The launching of a new and improved Gloucester emergency dispatch system run by the city's Police Department represents good news for residents.
Indeed, adopting the new system should indeed deliver a more effective and efficient response to local 911 emergency calls throughout the city, and is a good step toward improving the city's responses overall.
Yet it's important for city officials to view the emergency dispatch upgrade, which debuted last week, as just that — a first step. For it still fails to address Gloucester's ongoing top priority — the continued regular closures of the outlying fire stations, in Bay View especially. And, in some ways, it should only set the stage for other improvements.
In a nutshell, the new system works like this:
With three dispatchers manning the expanding Police Department dispatch center at all times, each 911 call is now fielded by two dispatchers, not just one, within the police station. One of those quickly calls the Fire Department, which includes the city's ambulance and rescue squads and can dispatch a crew to the emergency scene. The other dispatcher is now able to stay on the line with the caller while the ambulance or other emergency equipment are en route. And in some cases, the dispatcher can ease the caller's mind or offer advice on what to do until the emergency crew arrives on scene.
That might sound fairly basic, but it's a giant step forward from the previous system. In the bad old days — of May 2012 — the police dispatcher would take the initial 911 call, take down names, the location and type of emergency, then transfer the call to the Fire Department. The Fire Department's dispatcher would then generally ask the same questions, and then send an ambulance, with the caller then having to wait for police and the Fire Department to arrive. Efficient, it wasn't.
Yet, the new system is ultimately still only as effective as the ambulance response times.
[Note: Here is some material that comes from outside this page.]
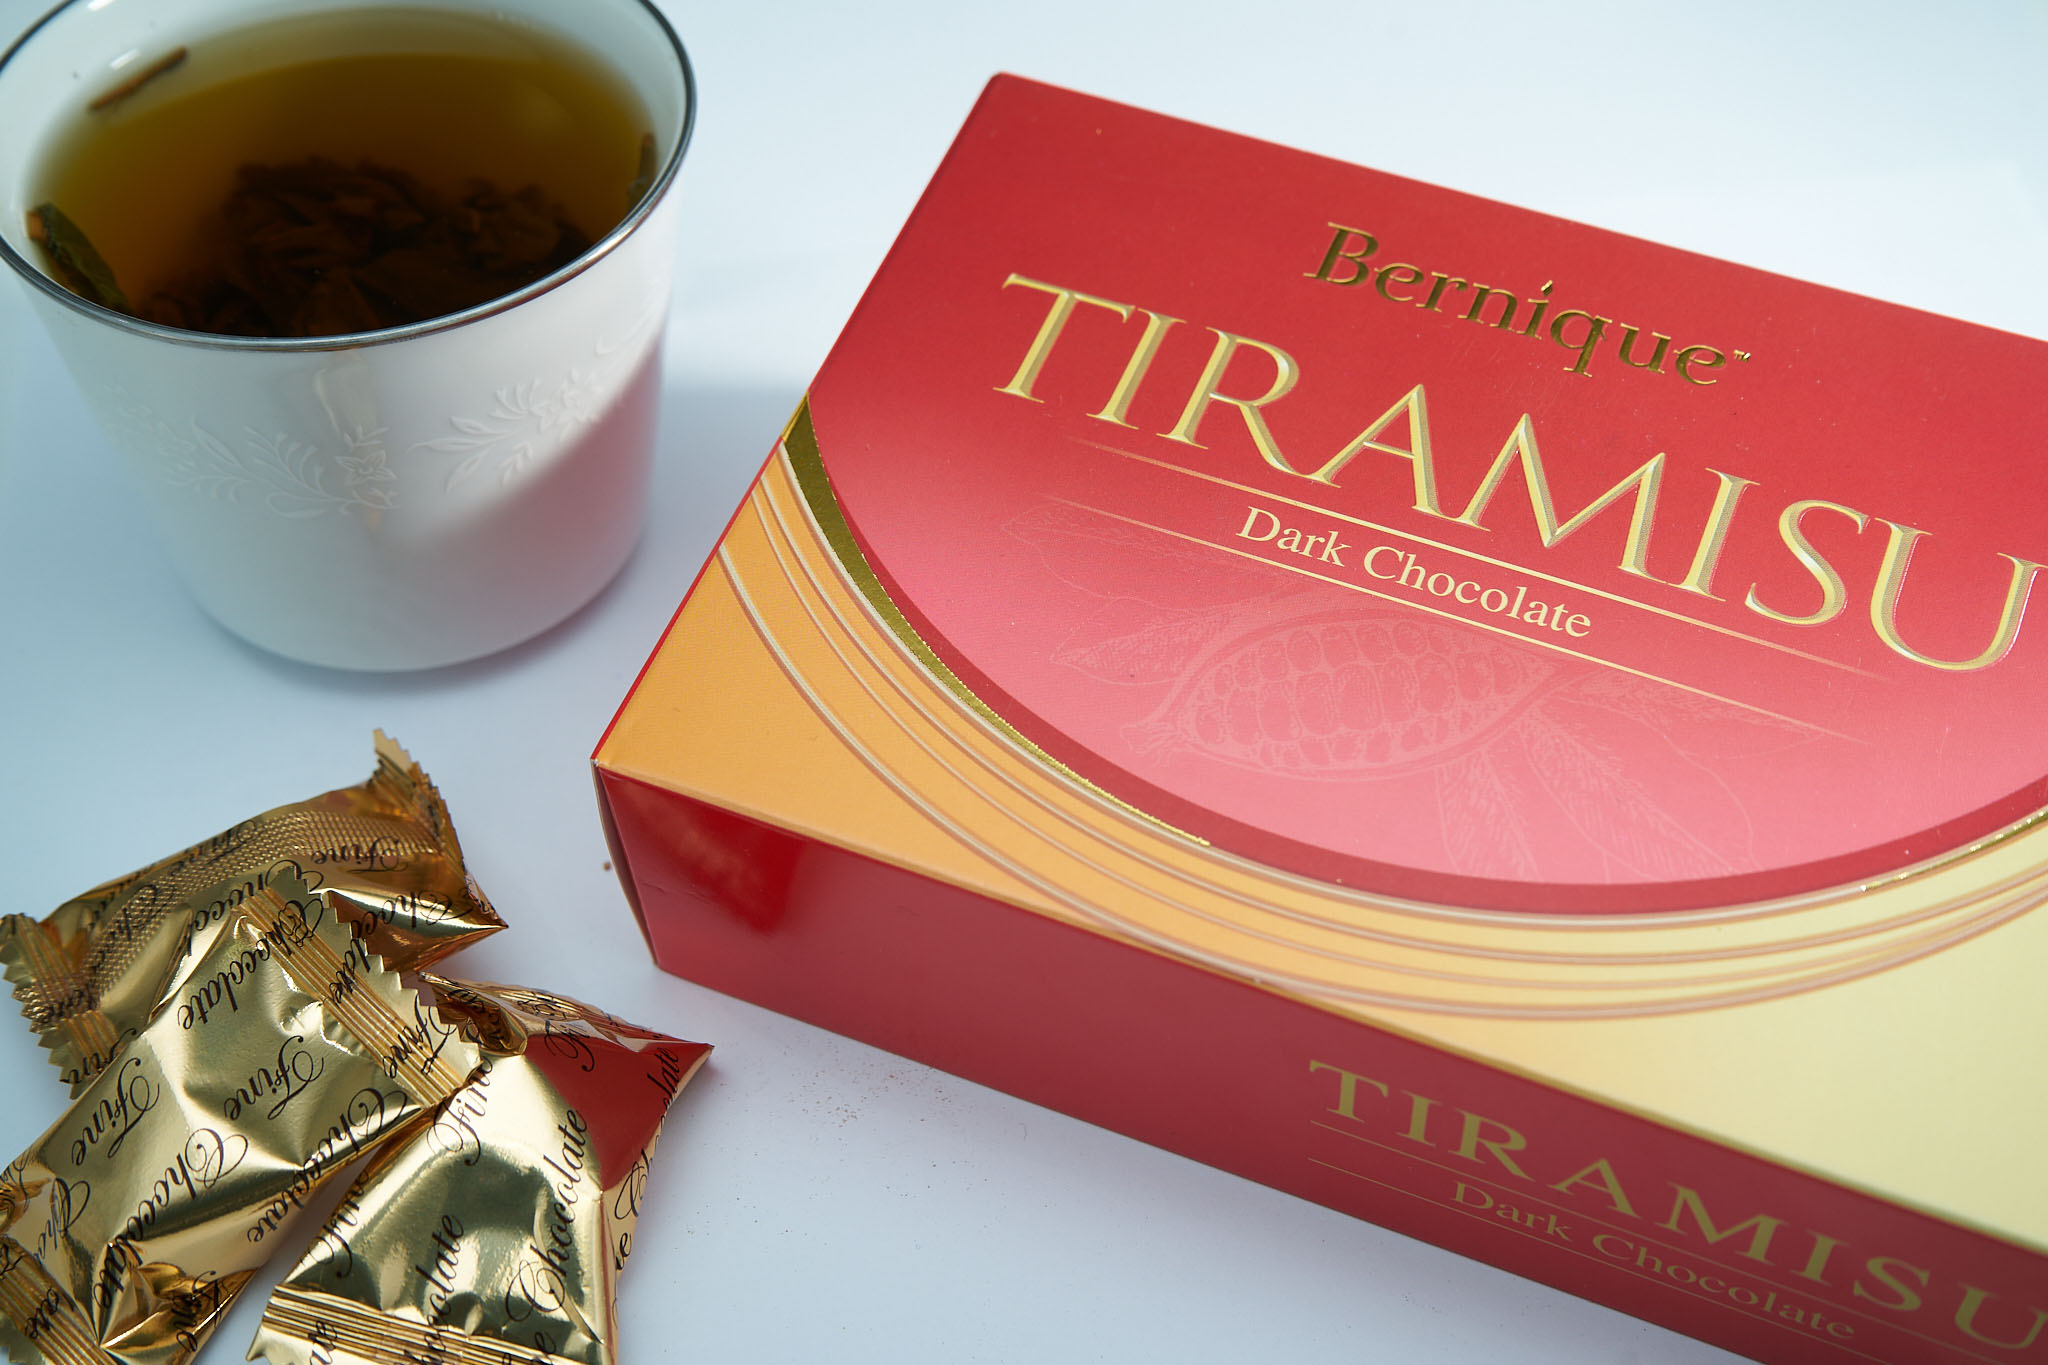 HCMCHOCOLATE ĐEN TIRAMISU BERNIQUE - BERNIQUE TIRAMISU DARK CHOCOLATE

And that's a particular problem if the emergency is at a home or business or on the road in the villages of Annisquam, Bay View and especially Lanesville, and the Bay View station is closed.
Indeed, the idea of having an ambulance stationed at Bay View, and then getting sent to a Lanesville call seconds after a 911 report is logged downtown under the new system, would make a marked — perhaps life-saving — difference in response. But if that ambulance is still coming from the city's center, the improved dispatch system may make a difference in seconds, while the responders still need too many minutes to reach the scene.
The new dispatch format should open the door for considering other alternatives — perhaps even including shifting the ambulance service under the Police Department, or separating it out to its own department under a broader public safety division. But that will take extensive restructuring and coordination that can't begin until a new fire chief and new permanent police chief are both on board. And while the search for a fire chief should — after 10 months — be in its final stages, the search for a successor to Mike Lane, who has moved the department forward in more than three years under an interim role, remains in its infant stages.
In the short term, the conversion to this new dispatch system cries out for providing the money to keep the Bay View station along with West Gloucester's open on a regular basis, with a rescue unit in tow.
Yes, the new dispatch system helps in terms of communications.
But it does not address the city's primary emergency response issue of distance. That simply has to come next — and it should come now.